Now I'm not privy to what the question specifically is and how they are answering it...so I'm only going to talk generally about it and just scratch the surface if you will.
Yes it is just one question, but we don't know the detail...we understand it's got to do with some observation in an organ of some description pre clinically....and we also have clues from the Investor forum that we had that it is centering on the mitigation aspects, a building in perhaps into our upcoming (fingers are crossed) 3rd phase trial.
What does this involve...probably more than you and I are going to personally see.

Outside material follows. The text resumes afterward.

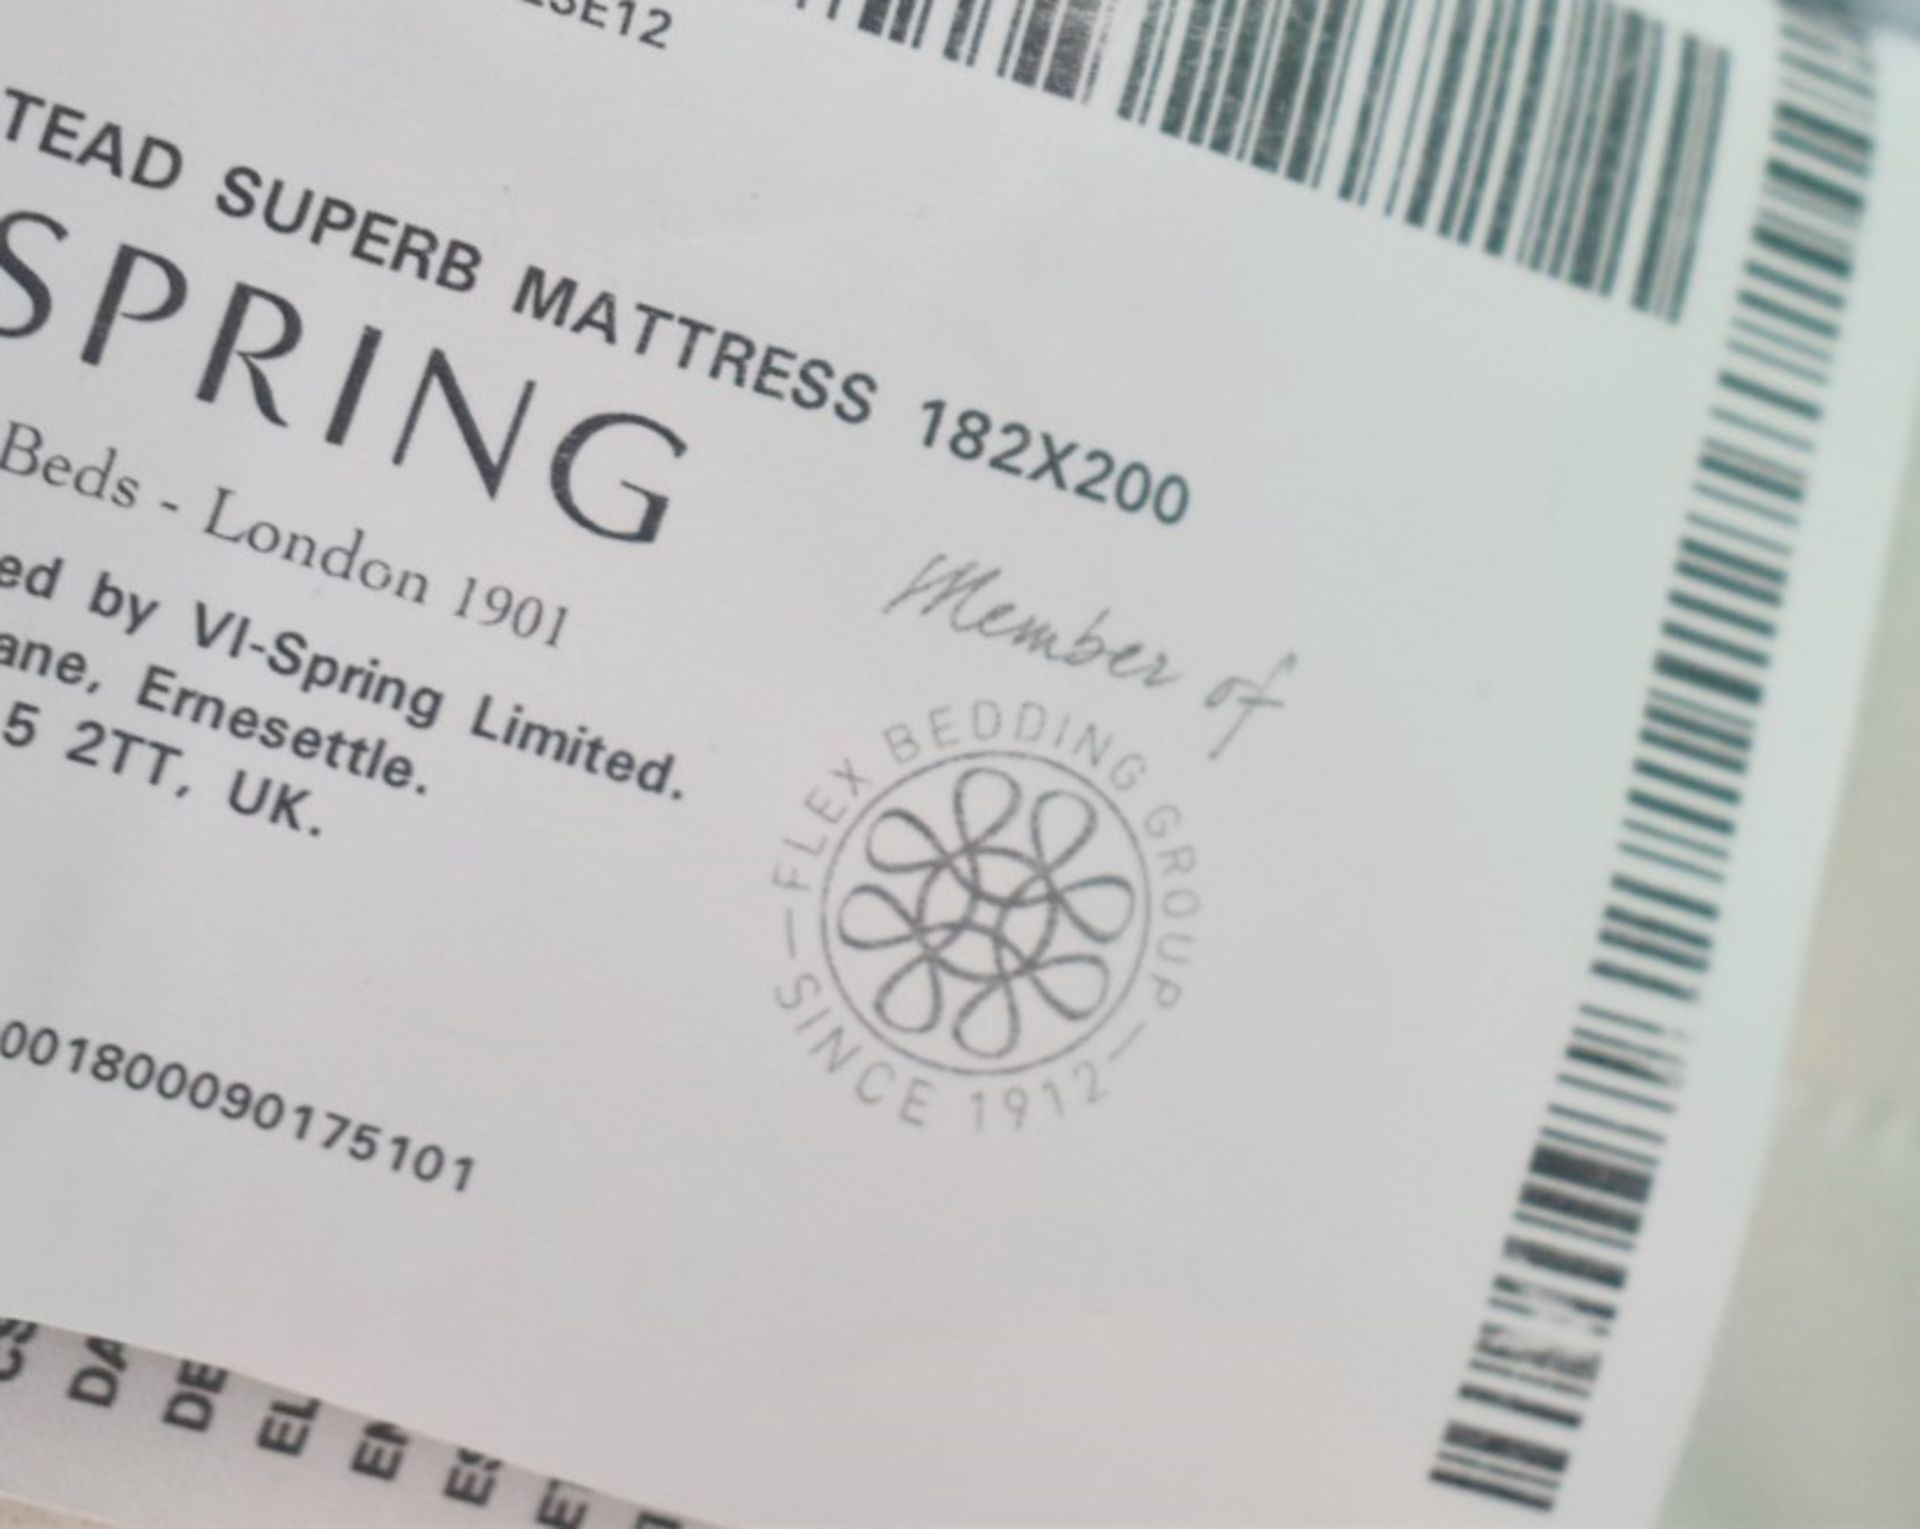 1 x VISPRING 'Bedstead Superb' Luxury Super Kingsize Mattress - Medium Springing - RRP £5,375 - Image 7 of 9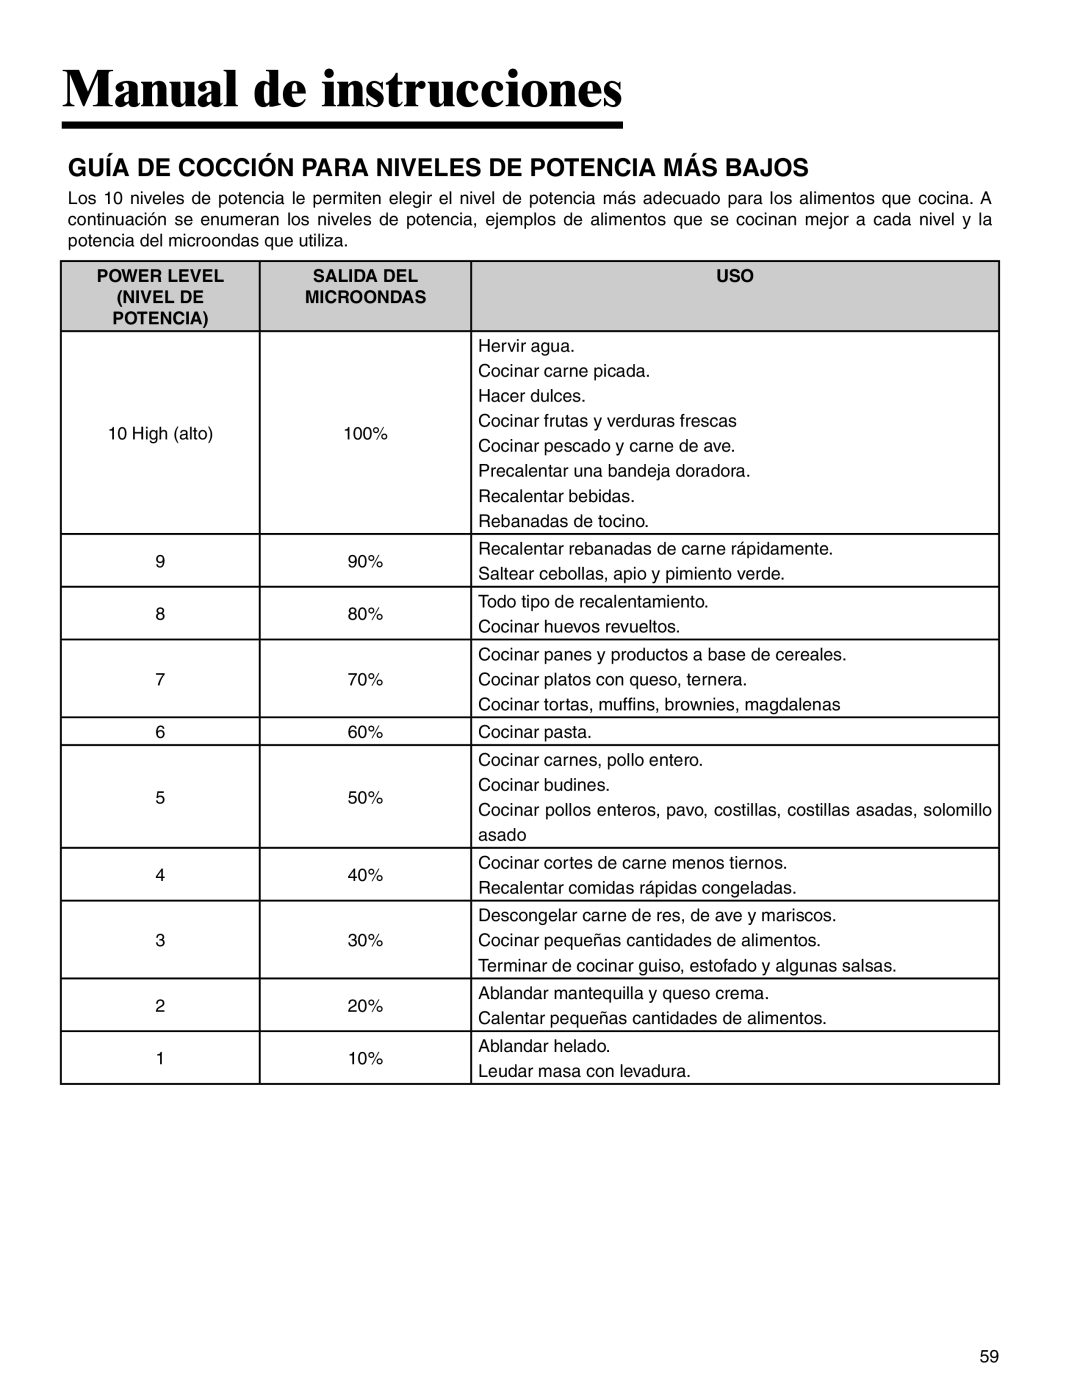 Amana AMC2206BA important safety instructions Guía De Cocción Para Niveles De Potencia Más Bajos, Manual de instrucciones

They not only have to come up with a suitable test...think bio marker or some sort of other indicator, but they have to document and show how this will help to monitor for the possibility of this observation. They must incorporate this protocol into the current trial design, they must factor in all aspects of this new test, how will they test for it, what will they do if the test reveals something...how will they report the findings or lack thereof, what is the escalation process, how does it affect any other part of the trial design. What other areas will this test and observation overlap with. eg Will it affect Tox...will it affect future recruitment...who is responsible, can it go along with the current lab reports?
*Takes breath*
How does the test and the result impact by race, by gender, are there any differences that need to be considered for this new monitoring. Is there an impact of new monitoring on old? Can the results be connected, or they independant? What are the ramifications of certain grades of observation if they happen....Are there any false positives...who can garner these results, does it need to be audited? What paperwork is required, are there consent issues, can it simply and easily be built in to the current trial design? What is the flow chart if in the unlikely event (completely my views) that we observe a fraction of what was observed in the preclinical model?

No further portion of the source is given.